=== Exercise data ===
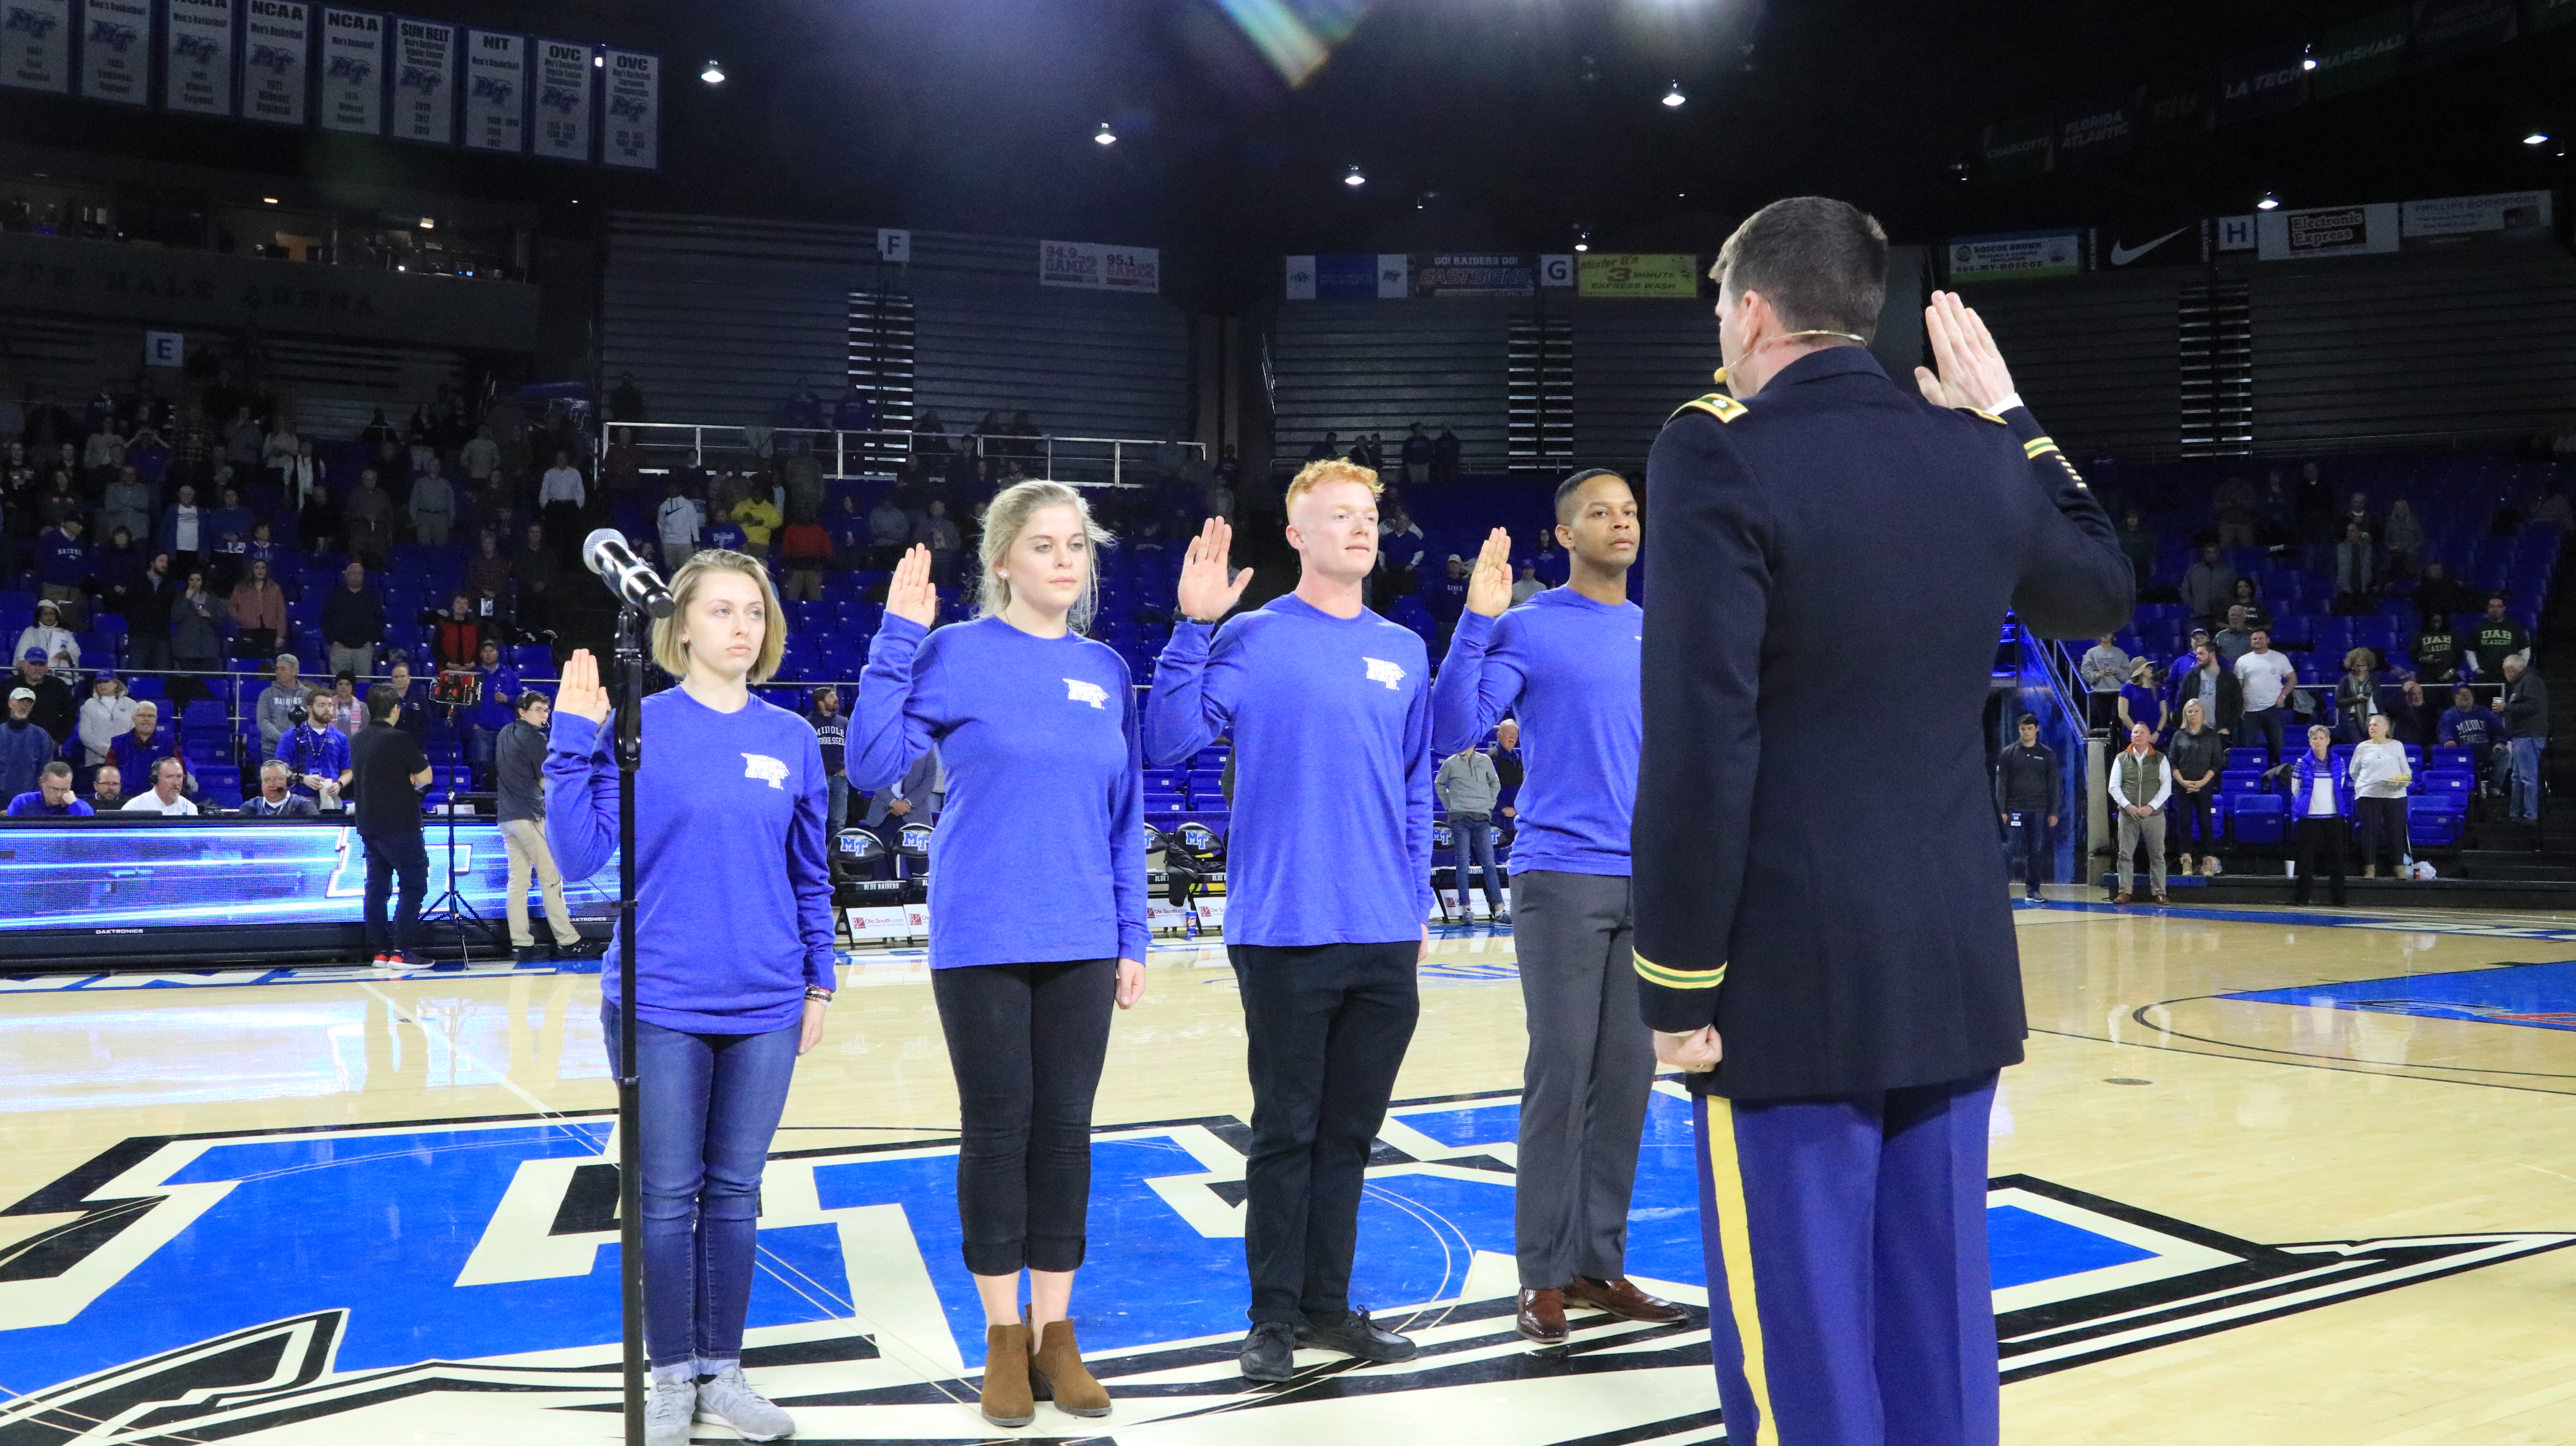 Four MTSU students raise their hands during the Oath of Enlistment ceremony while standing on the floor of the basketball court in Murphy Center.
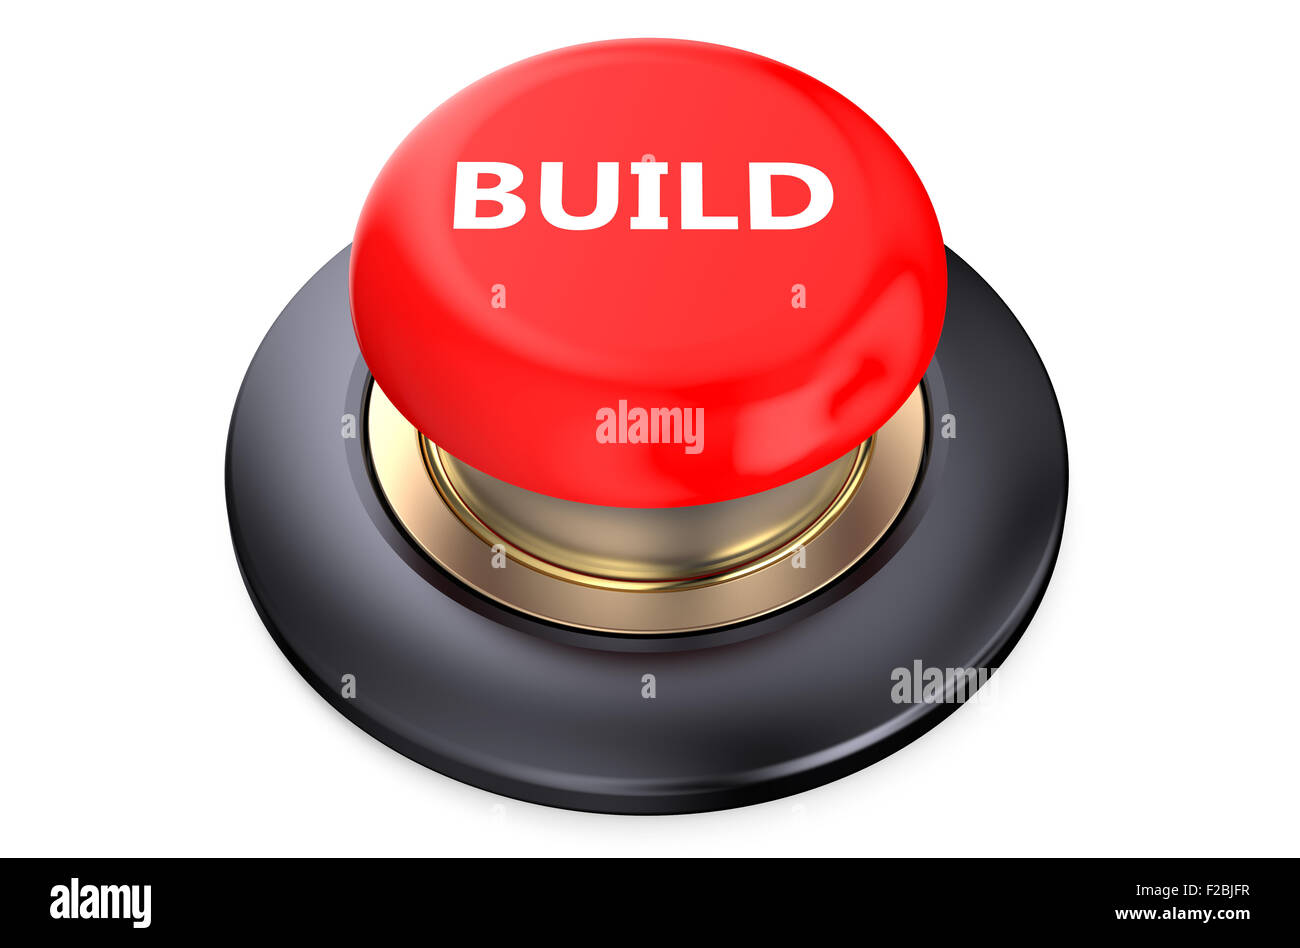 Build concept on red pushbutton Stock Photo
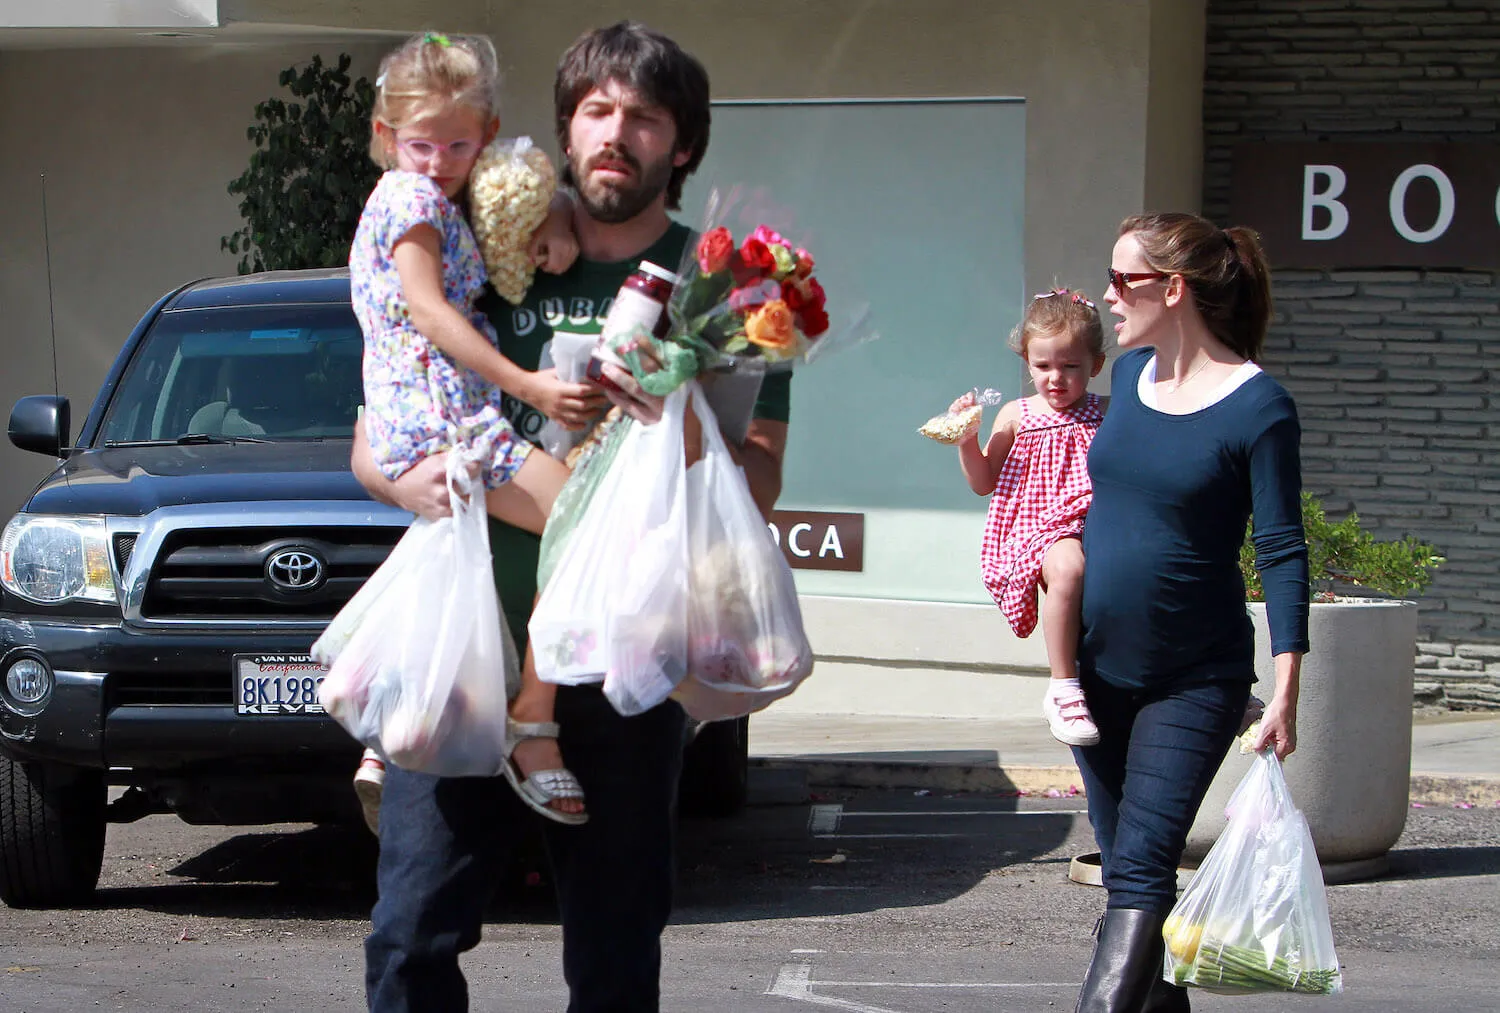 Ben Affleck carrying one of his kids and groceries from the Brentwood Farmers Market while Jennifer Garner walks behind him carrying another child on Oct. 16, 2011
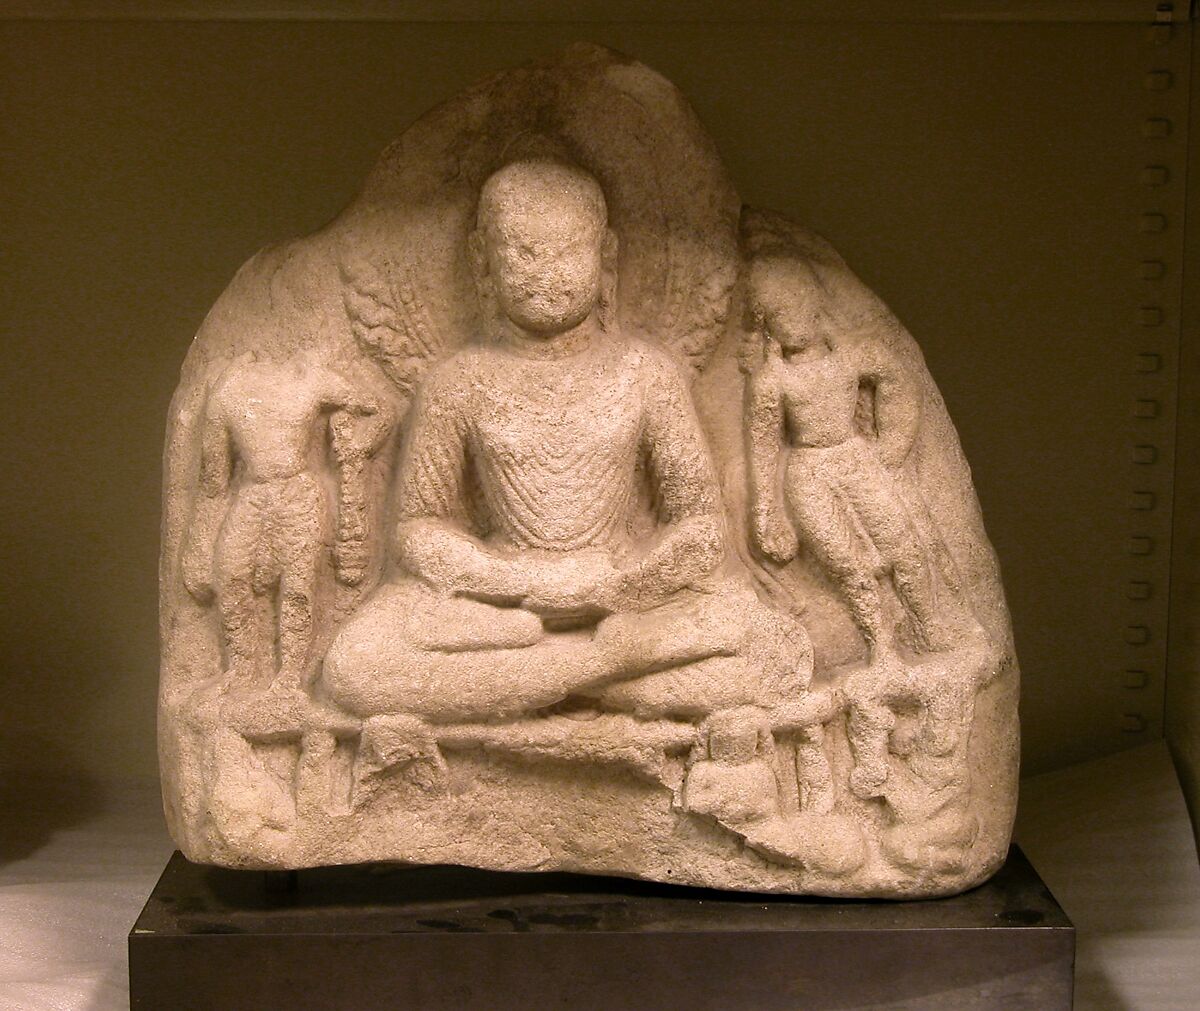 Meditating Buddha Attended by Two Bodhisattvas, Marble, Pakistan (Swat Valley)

=== Problem description ===
Skip the pictures and write out exactly the lines from the line containing "Build concept on red pushbutton Stock Photo" through the end of the listing above.

=== Response for this exercise ===
 Build concept on red pushbutton Stock Photo
 Ben Affleck carrying one of his kids and groceries from the Brentwood Farmers Market while Jennifer Garner walks behind him carrying another child on Oct. 16, 2011
 Meditating Buddha Attended by Two Bodhisattvas, Marble, Pakistan (Swat Valley)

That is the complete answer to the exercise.